Production Example 1
Charge 3447 g of linear alcohol with 12 carbon atoms (Calcoal 2098, Kao) and 5.2 g of potassium hydroxide into an autoclave equipped with a stirrer, temperature controller, and automatic introduction device at 110 ° C and 1.3 kPa. Dehydration was performed for 30 minutes. After dehydration, nitrogen substitution was performed, the temperature was raised to 120 ° C., and 430 g of propylene oxide was charged. After addition reaction and aging at 120 ° C, the mixture was cooled to 80 ° C, and unreacted propylene oxide was removed at 4.0 kPa. Thereafter, 5.6 g of acetic acid was added to the autoclave, and the mixture was stirred at 80 ° C. for 30 minutes and then extracted to obtain an alkoxylate having an average PO addition mole number of 0.4 mol.
The resulting alkoxylate was sulfated in a falling thin film reactor (FFR) using SO ₃ gas. The obtained sulfate was neutralized with an aqueous sodium hydroxide solution to obtain an alkyl ether sulfate composition (sulfate 1).

Production Example 2
In the same manner as in Production Example 1, an alkyl ether sulfate composition having a PO average addition mole number of 5 and an alkyl chain having an average carbon number of 12 was obtained, and this was combined with sodium alkyl sulfate having an average carbon number of 12 [Emar 0, Kao Corporation] was mixed at a molar ratio of 16:84 to obtain an alkyl ether sulfate composition (sulfate 2) having an average PO addition mole number of 0.8. Here, the average number of moles added of propylene oxide was confirmed by the above-described NMR method.

Comparative production example 1
In Production Example 1, ethylene oxide was used instead of propylene oxide, and an alkyl ether sulfate composition (comparative sulfate 1) having an average addition mole number of ethylene oxide of 0.4 and an average alkyl group carbon number of 12 was obtained. .

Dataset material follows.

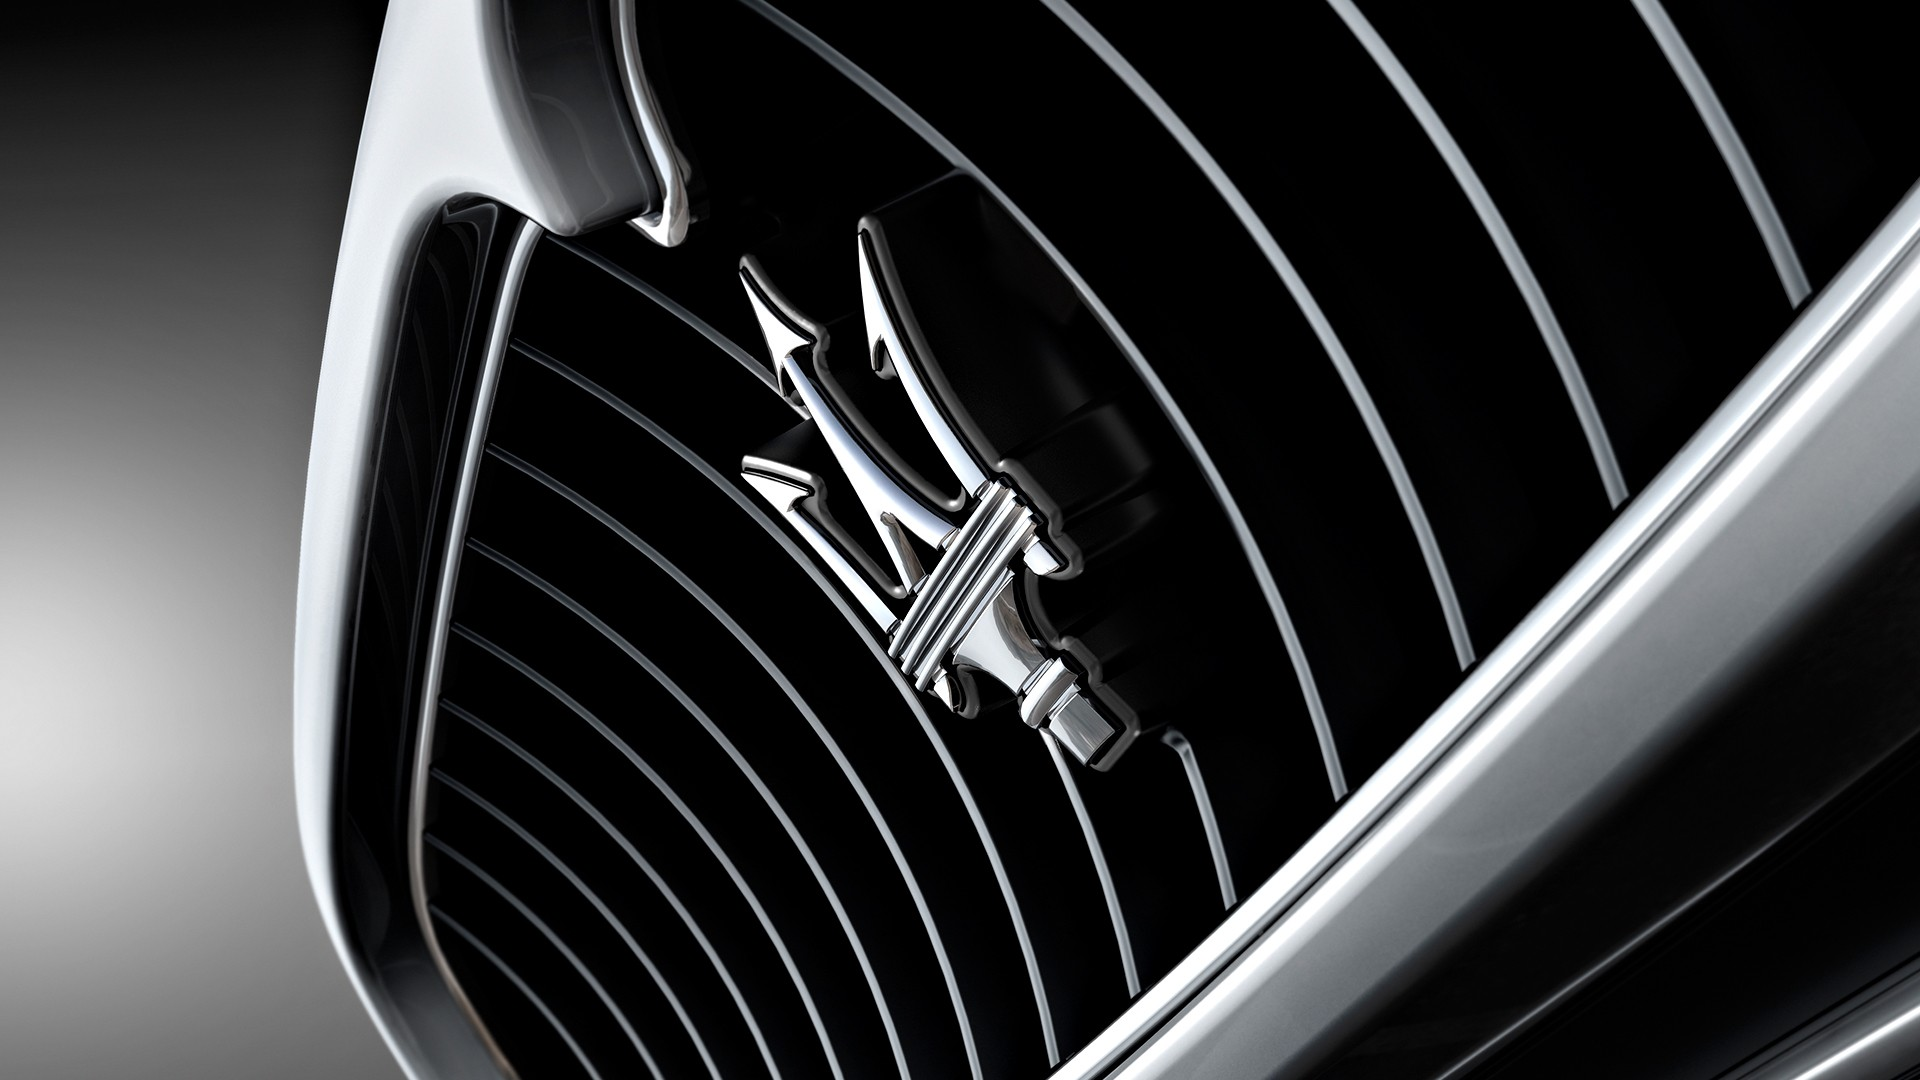 Maserati Car Logo Design Background Hd Wallpaper Maserati 1920x1080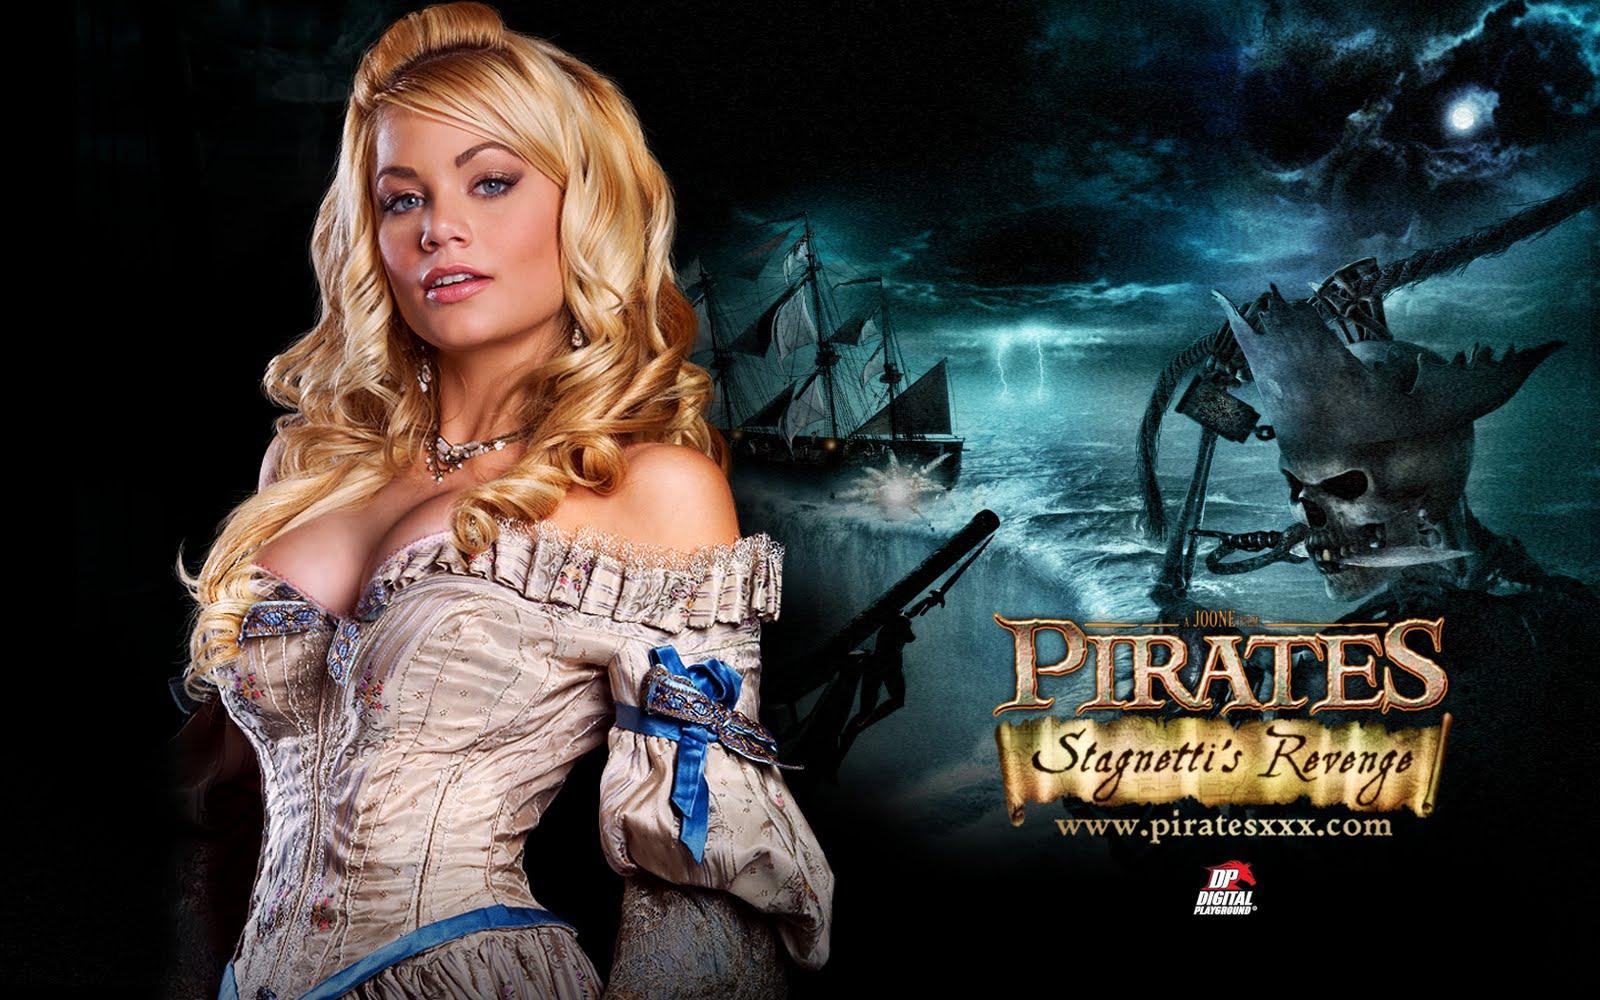 Riley steele pirates

Comparative production example 2
In the same manner as in Production Example 1, an alkyl ether sulfate composition (Comparative sulfate 2) having an average PO addition mole number of 1.0 mol and an average alkyl group carbon number of 12 was obtained.

Comparative production example 3
Comparative alkyl sulfate 3 was sodium alkyl sulfate [Emar 0, Kao Co., Ltd.] having an alkyl group with an average carbon number of 12 and no addition of propylene oxide or ethylene oxide.

Examples 1 to 4 and Comparative Examples 1 to 6 (Usage feeling and low temperature stability of the hair cleanser)
The hair cleansing agents shown in Table 1 were prepared, and the speed of foaming at low temperatures, the feeling of slipping at the time of shampooing, the fineness of foam, the feeling of slipping at the time of rinsing, the gloss of hair after drying, unity, and low temperature stability evaluated.

(Speed of foaming at low temperature)
The speed of foaming was evaluated using the apparatus shown in FIG.
The apparatus of FIG. 1 has a drainage port (not shown) on the bottom surface, a transparent plastic cylindrical container 10 (diameter 160 mm, height 55 mm) with an open top surface, a transparent plastic lid 20 and a motor 30. It has a built-in control unit 40, measuring instrument 50, and torque detector 60. In this container 10, a disk 11 (approximately 160 mm in diameter) in which hair 1 (90 mm in length, 30 g in total) is implanted in a plurality of flock holes P shown in FIG. The container 10 is rotated by the motor 30 in the direction of the arrow x, whereby the hair 1 in the container 10 is also rotated.

  On the back surface of the lid 20, there are a first protrusion 21 corresponding to a human finger (3 columnar protrusions having a diameter of 15 mm and a height of 12 mm) and a second protrusion 22 corresponding to a brush (vertical 10 mm). 9 projections each having a width of 2 mm and a height of 12 mm are provided so as to come into contact with the hair 1 when the lid 20 is placed on the upper surface of the container 10 as indicated by an arrow y. The lid 20 is provided with a funnel-shaped injection hole 25 for injecting the cleaning agent. When the lid 20 is put on the container 10, it is not fixed to the container 10 and is supported on the support column 41 via the torque detector 60 and the measuring instrument 50. Therefore, when the container 10 is covered with the lid 20 and the container 10 is rotated, the hair 1 and the protrusions 21 and 22 in the container 10 slide. Therefore, when a cleaning agent is applied to the hair 1 from the injection hole 25, the cleaning agent can be foamed in a state close to that of actual hair.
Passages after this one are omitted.